Abstract
Background/Aim: The clinical benefit of conversion surgery (CS) after chemotherapy remains unclear for stage IV gastric cancer (GC) patients. This study aimed to investigate the prognostic factors used to determine whether CS is a promising therapeutic strategy. Patients and Methods: We retrospectively analyzed data from 156 patients diagnosed with unresectable stage IV GC who underwent chemotherapy as the initial treatment, including 40 patients who had R0 resection in CS. Results: The median survival time of the CS patients was significant longer than that of patients who underwent chemotherapy alone. A multivariate analysis identified only pN3 as an independent prognostic factor in CS patients. Among the differentiated tumor type patients, carbohydrate antigen 19-9 (CA19-9) levels were significantly higher in pN3 patients than in pN0-2 patients before chemotherapy. Among undifferentiated tumor type patients, pN3 patients had a significantly lower tumor size ratio (before chemotherapy/before surgery) than pN0-2 patients. Conclusion: Although it is clinically difficult to diagnose lymph node metastasis using preoperative examinations, CA19-9 levels and tumor size ratios may be preoperative indicators for predicting pN3, which is associated with a poor prognosis in CS.

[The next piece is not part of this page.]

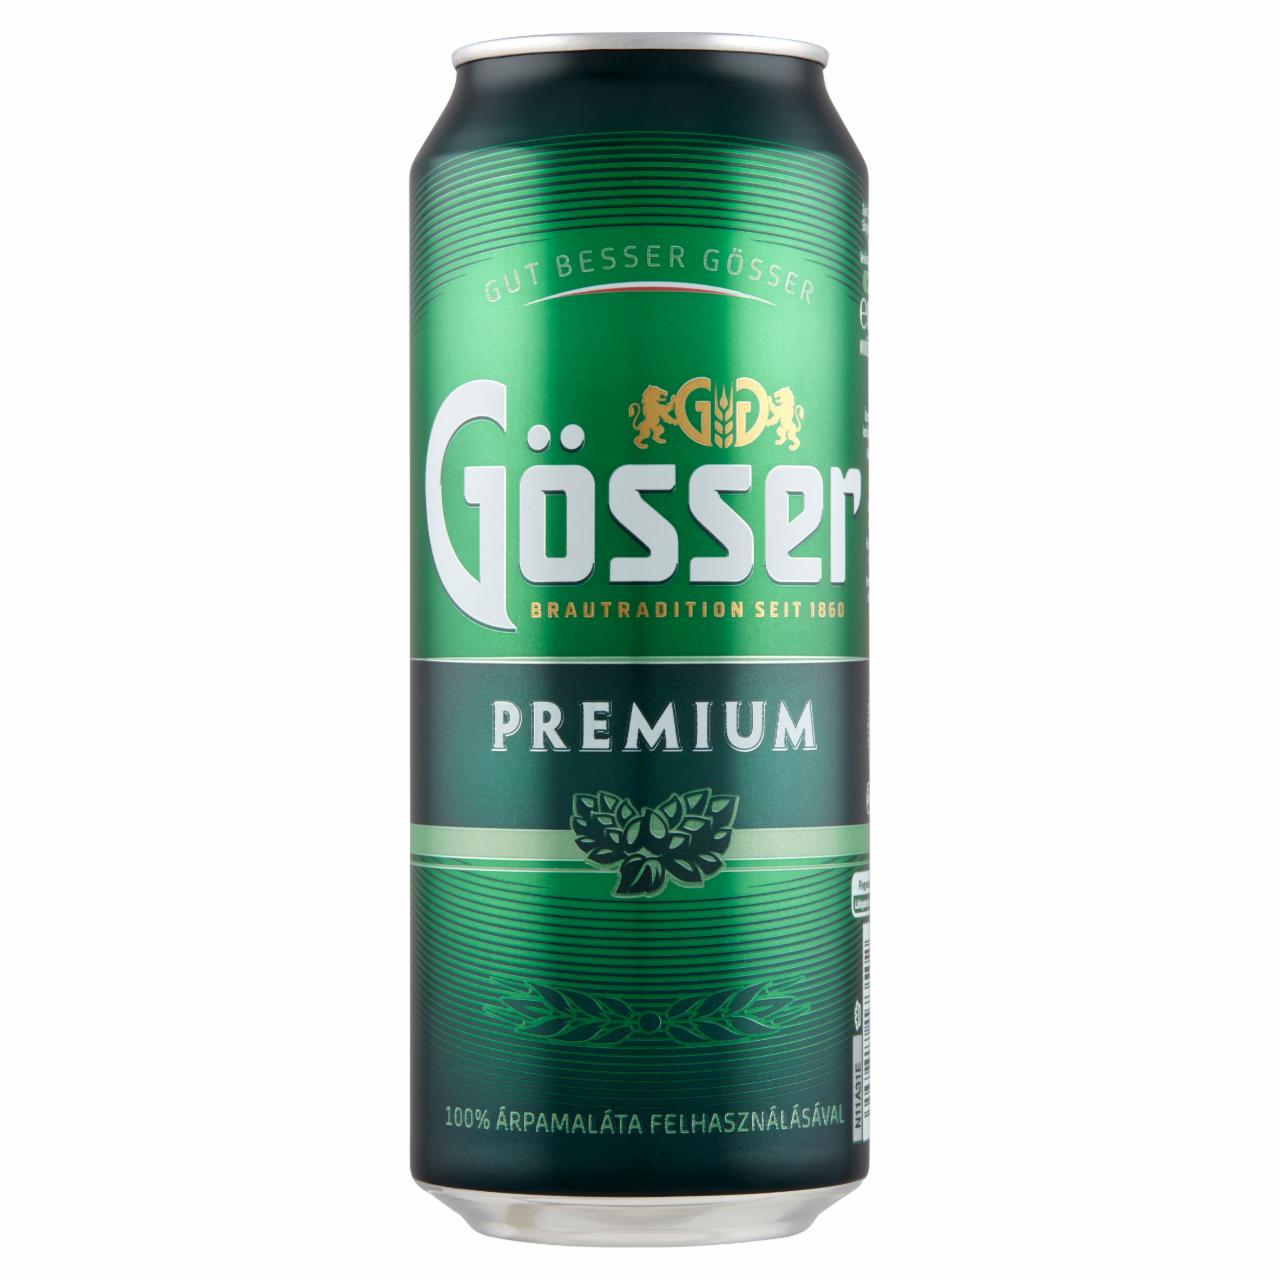 Képek - Gösser Premium minőségi világos sör 5% 0,5 l doboz

Gastric cancer (GC) is the fourth most common malignancy worldwide and the most common in eastern Asia (1). Patient outcomes have improved since gastrectomy and D2 lymph node dissection became the standard procedure for GC worldwide. Although the recent development of systemic chemotherapy has considerably improved the prognosis of patients with unresectable GC, the median survival time (MST) of 6-14 months remains poor (2). The REGATTA trial – a randomized, controlled trial of reduction surgery plus chemotherapy versus chemotherapy alone for stage IV GC with a single noncurative factor – failed to show any survival benefit of reduction surgery (3).

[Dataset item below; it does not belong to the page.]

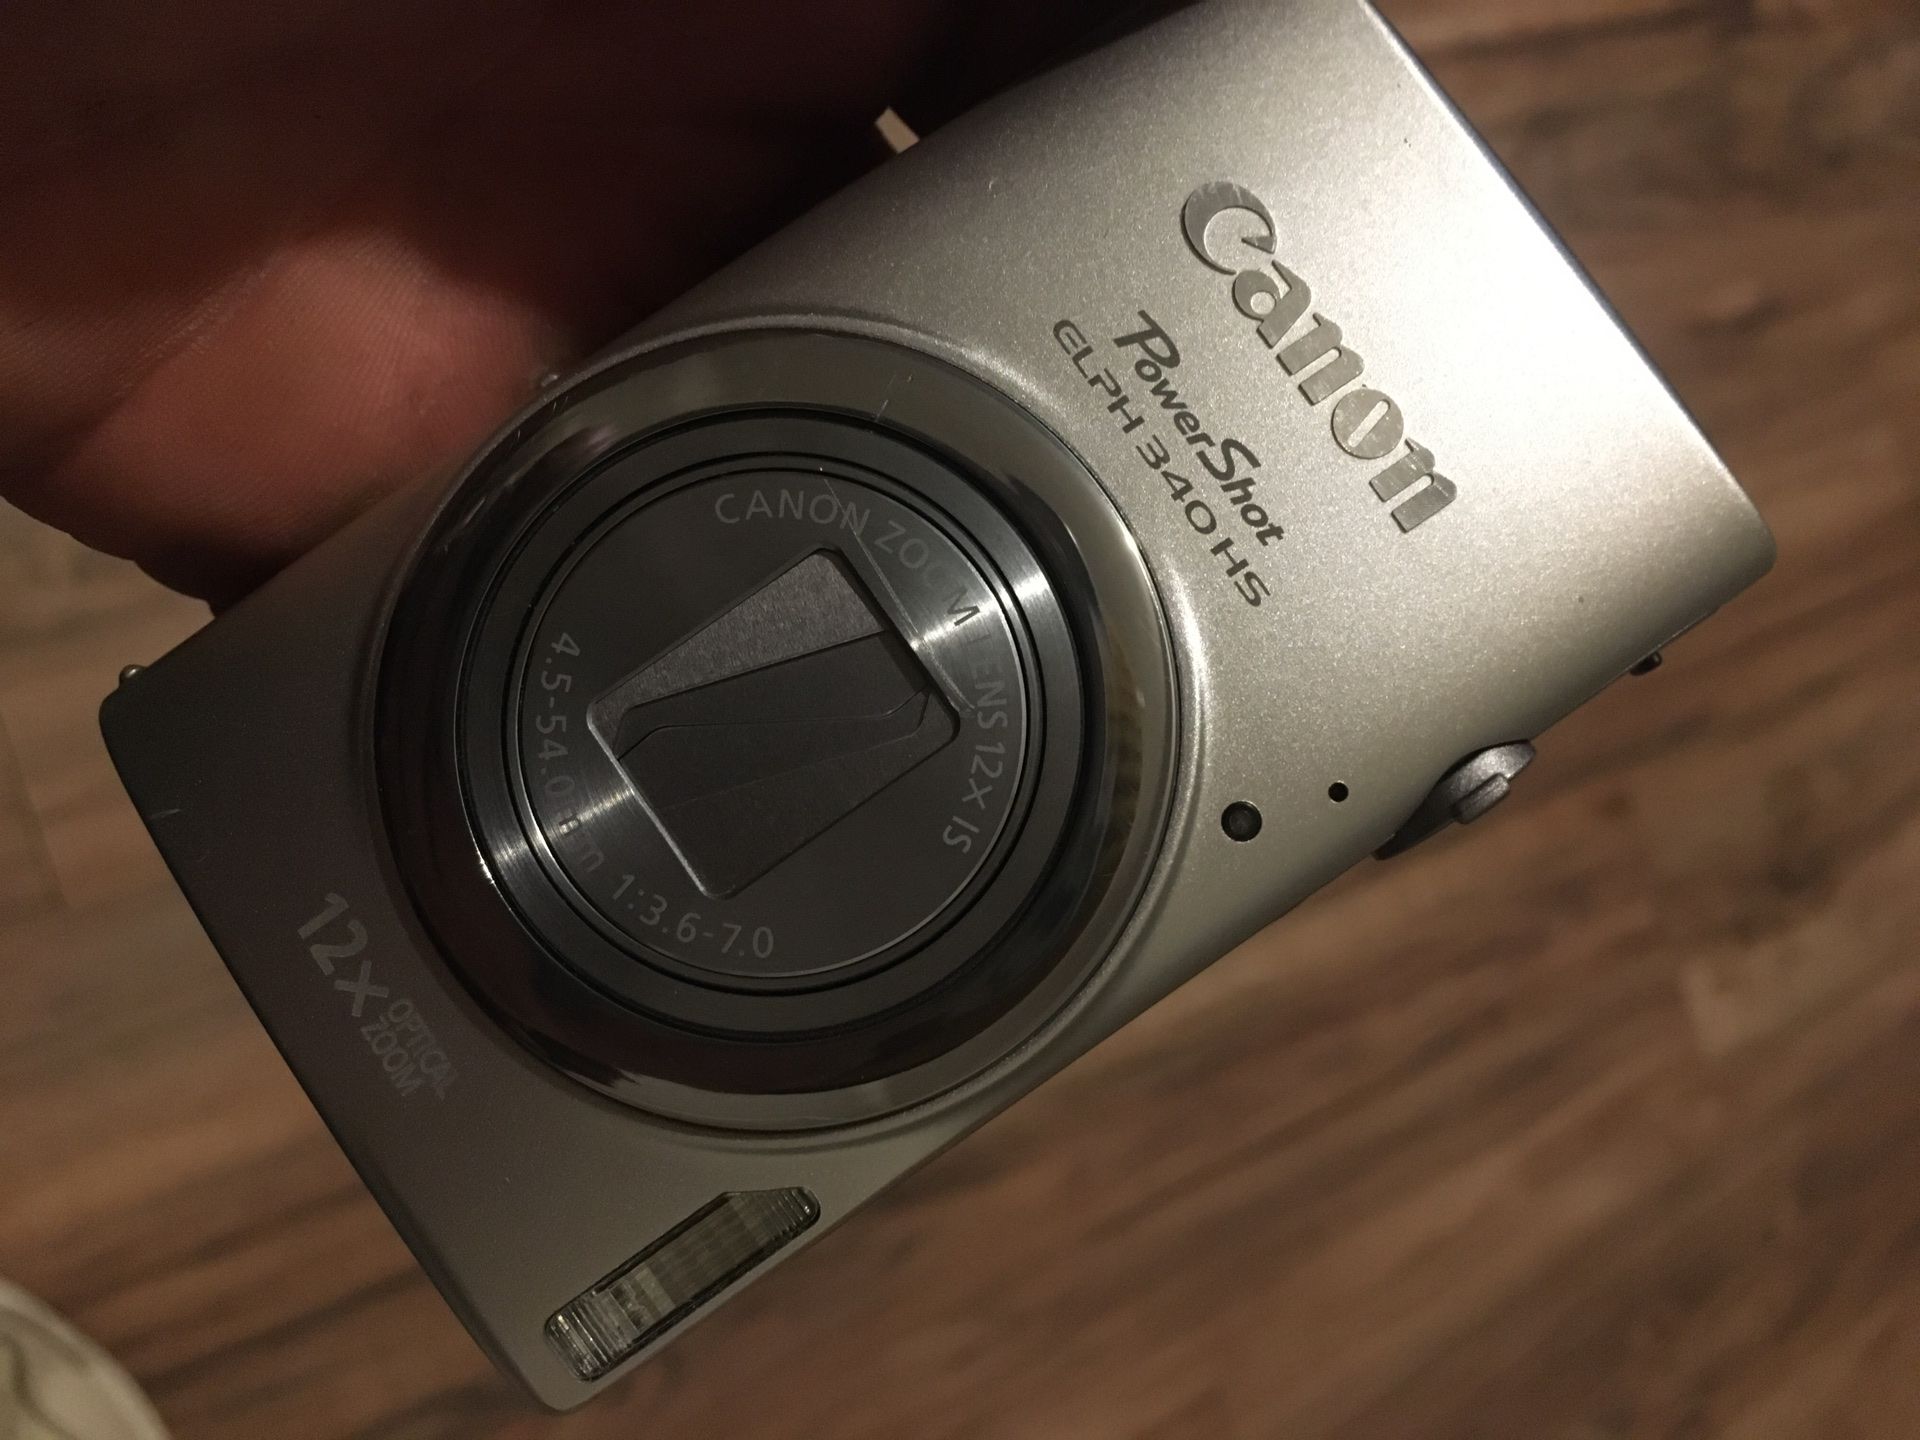 Canon power shot elph 340 hs digital camera

Recently, several studies have reported that surgery combined with perioperative chemotherapy may increase the odds of survival in cases with advanced GC (4-8). Several investigators have reported clinical utility of conversion surgery (CS) after chemotherapy among patients with colorectal, pancreatic, esophageal, and gastric cancers (9-12). CS is another treatment strategy for patients who initially respond to chemotherapy; it aims to achieve R0 resection after chemotherapy for tumors that were either initially unresectable or marginally resectable for technical or oncological reasons (13, 14). However, because stage IV GC patients have different metastasis patterns and heterogeneous backgrounds, it is difficult to predict whether CS will be successful before starting chemotherapy. Although CS could potentially improve clinical prognoses among patients with initially unresectable GC, it is unclear which indicators are important for successful and curative CS. It still remains controversial who should be recommended for CS and when CS should be performed.

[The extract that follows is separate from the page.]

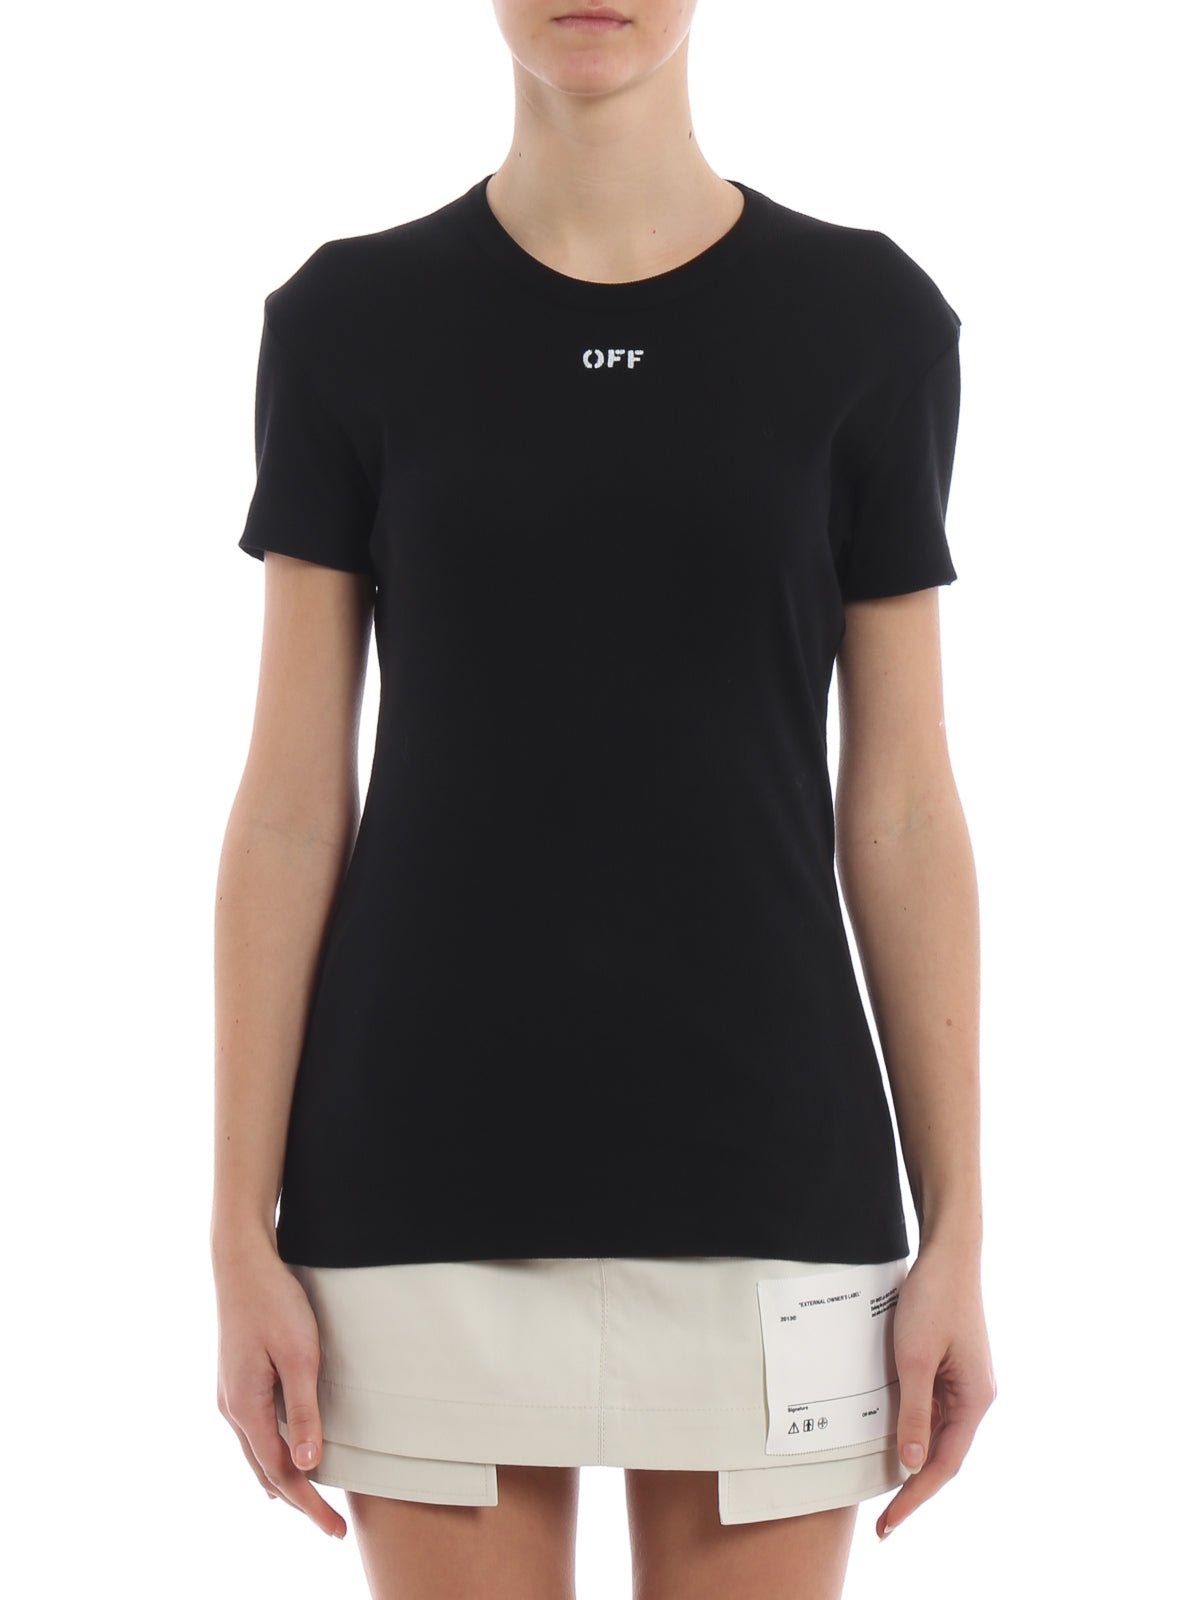 Off-White Black Modal Tops & T-Shirt - Fizigo

The present retrospective study was conducted to evaluate the clinicopathological characteristics of unresectable stage IV GC patients and examine which predictive factors provide a survival benefit following CS.
Patients and Methods
Patients and staging. We retrospectively collected the data of 156 patients who were diagnosed with unresectable stage IV GC and underwent chemotherapy as the initial treatment between January 2010 and March 2020 in the Department of Digestive Surgery, Kagoshima University.
Before starting chemotherapy, all patients underwent a blood test, esophagogastroduodenoscopy, fluoroscopy, and computed tomography (CT). After excluding patients who underwent R1 and R2 resection and had incomplete data, 40 patients who had undergone CS were enrolled in the study. Table I summarizes the clinicopathological features of the patients included in analyses. Patients were grouped and staged based on the tumor-node-metastasis classification of gastric carcinoma established by the American Joint Committee on Cancer (15).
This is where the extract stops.